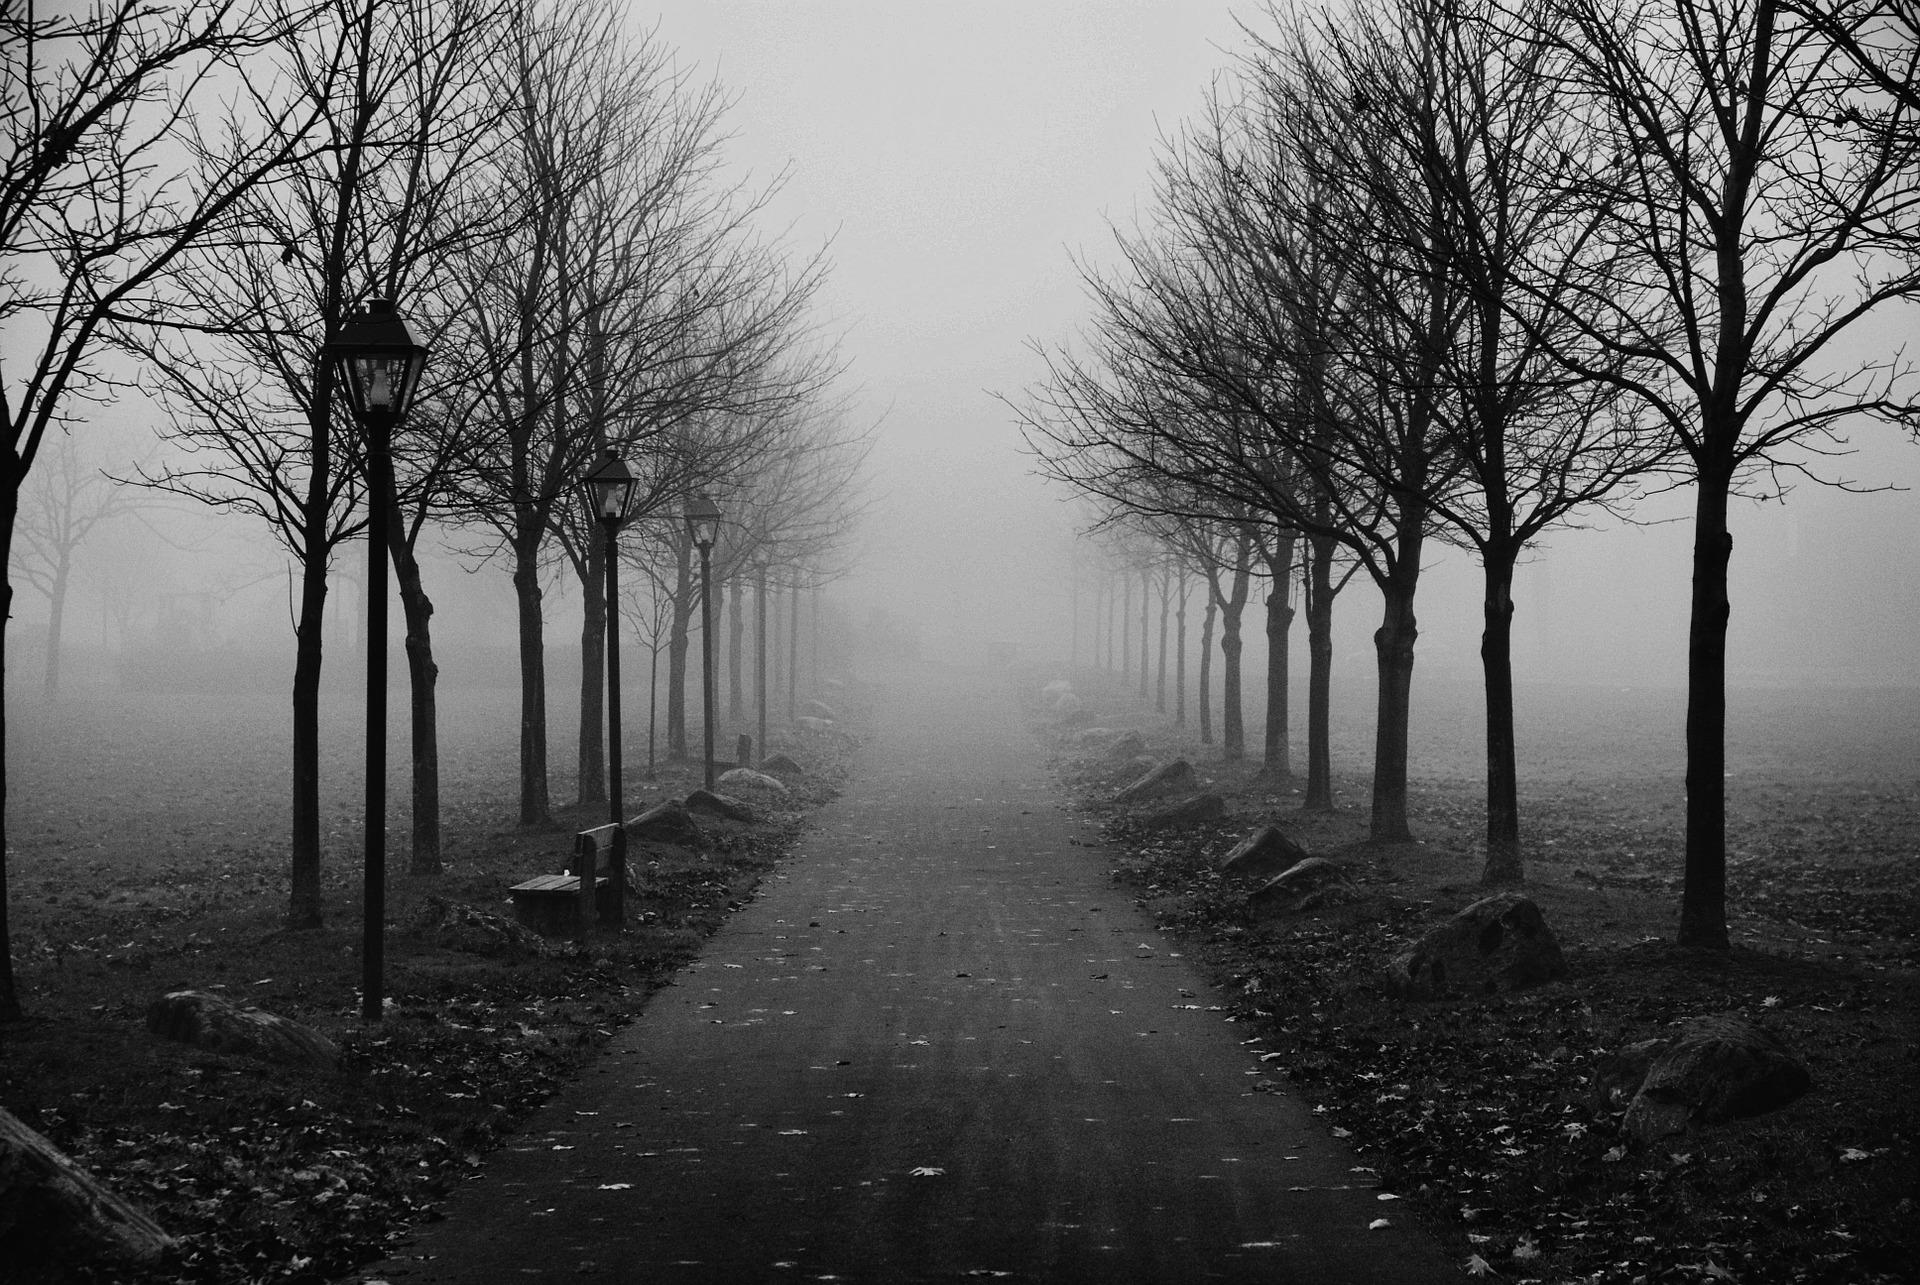 foggy-sidewalk-1123360_1920
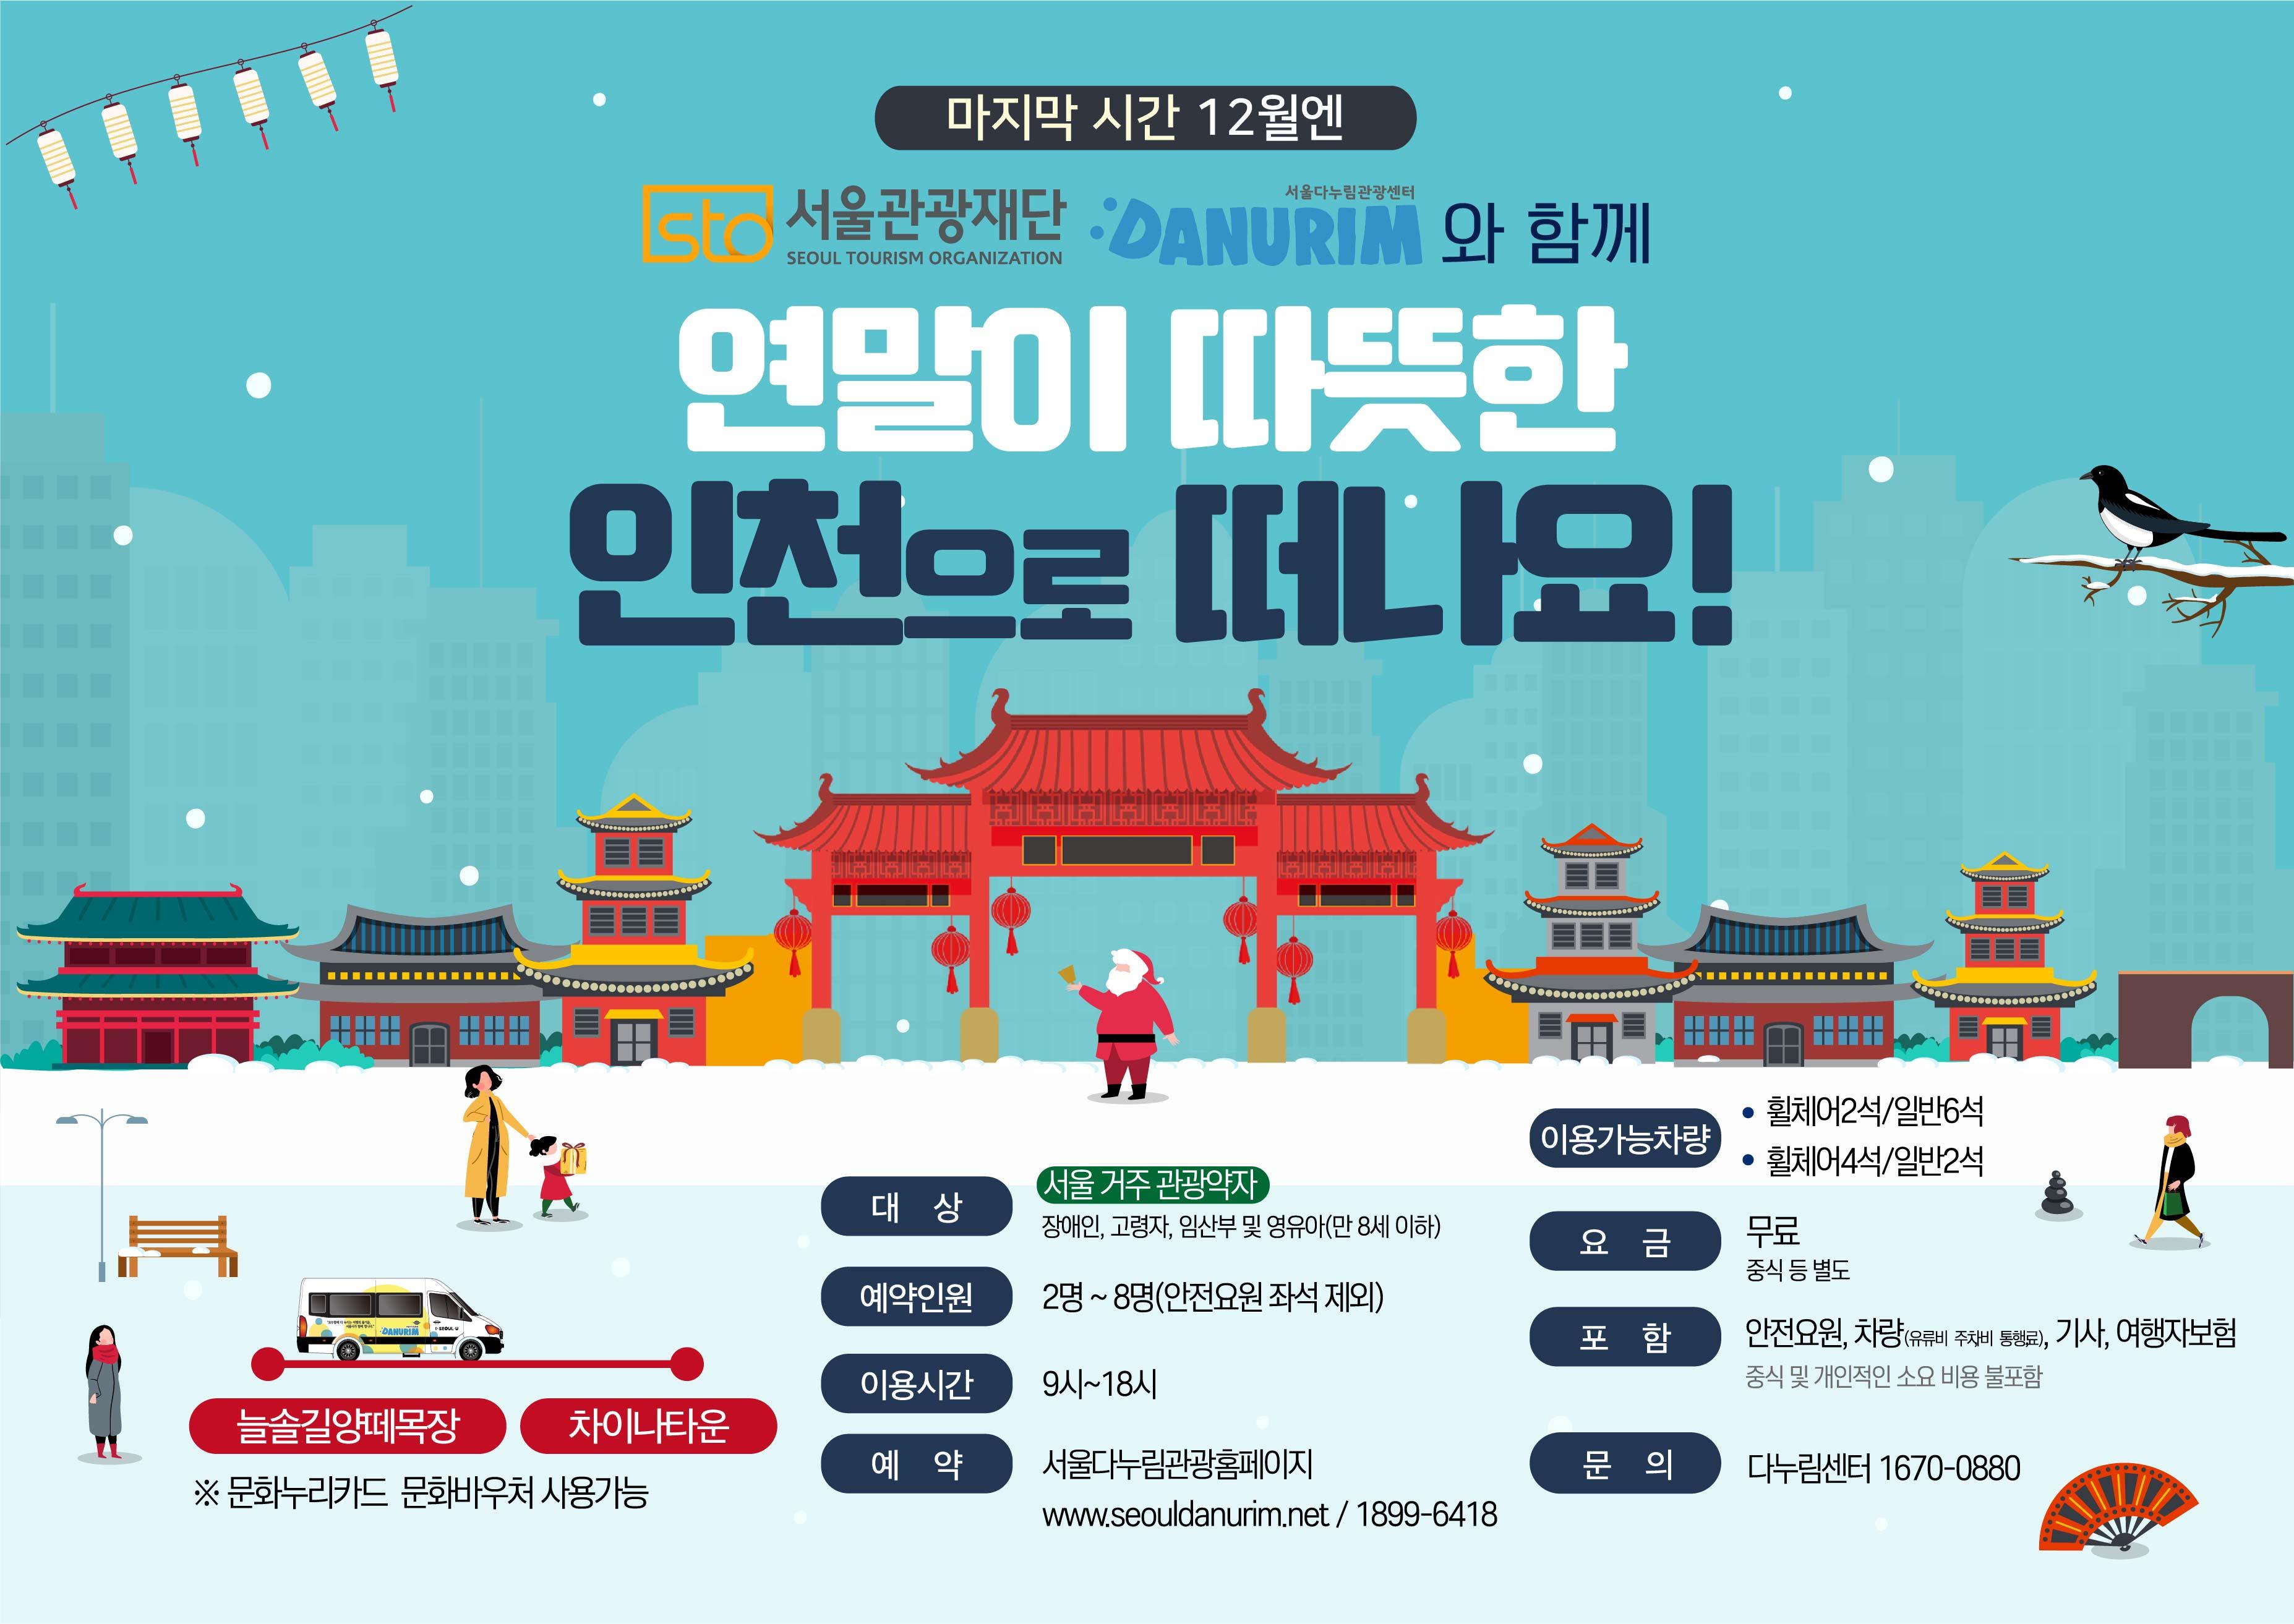 다누림미니밴 12월 추천여행(서울 근교) 홍보 포스터 : 상세내용 하단 참조
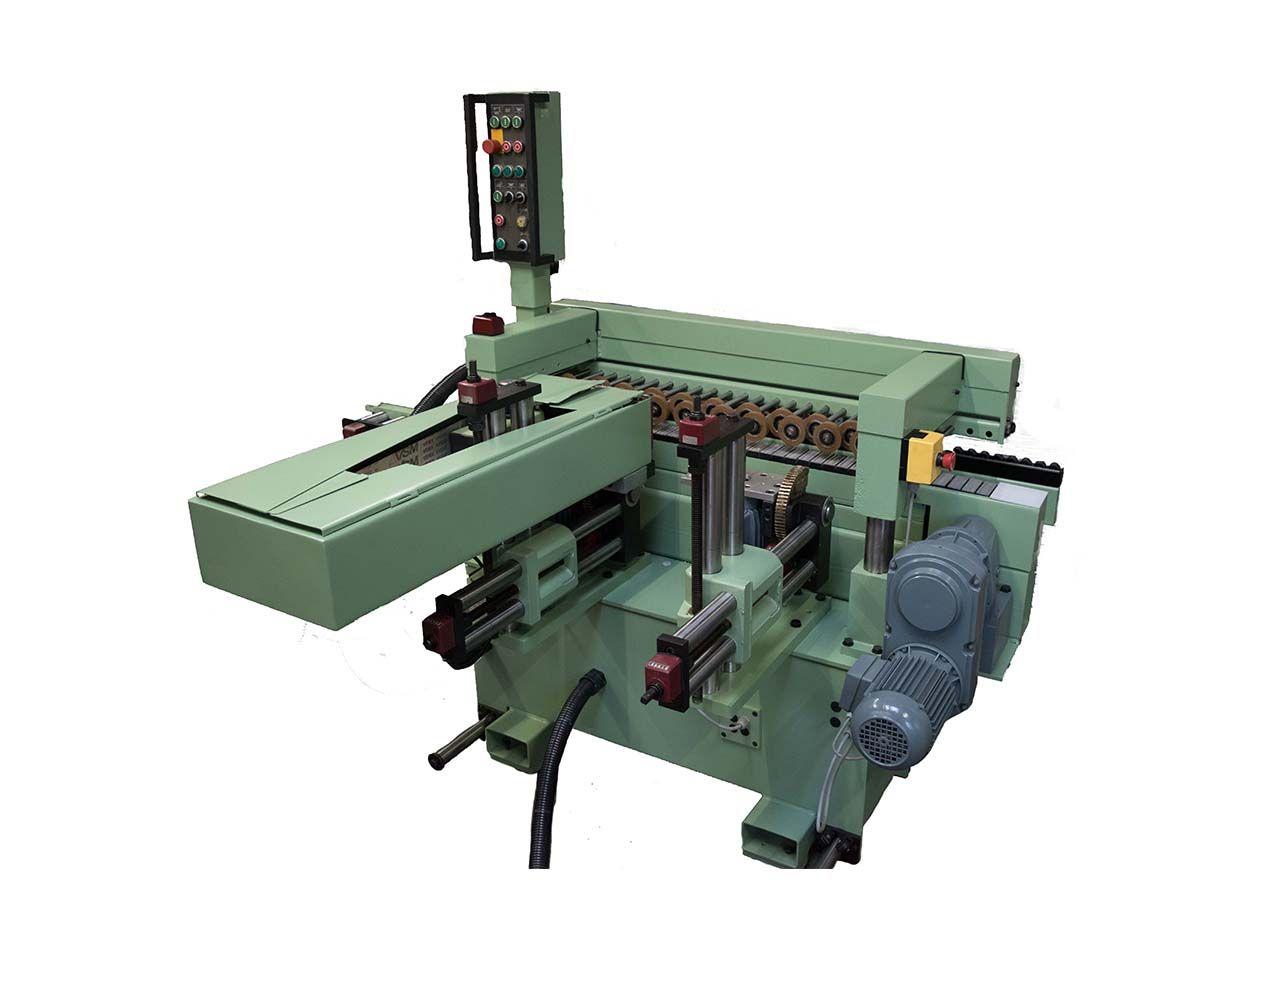 arminius-schleifmittel-start-produkte-gebrauchtmaschinen-slider-2

---

### Exercise brief:
Every line of the data above is to be set down word for word, with the pictures left out.

### Answer box:
 foggy-sidewalk-1123360_1920
 다누림미니밴 12월 추천여행(서울 근교) 홍보 포스터 : 상세내용 하단 참조
 arminius-schleifmittel-start-produkte-gebrauchtmaschinen-slider-2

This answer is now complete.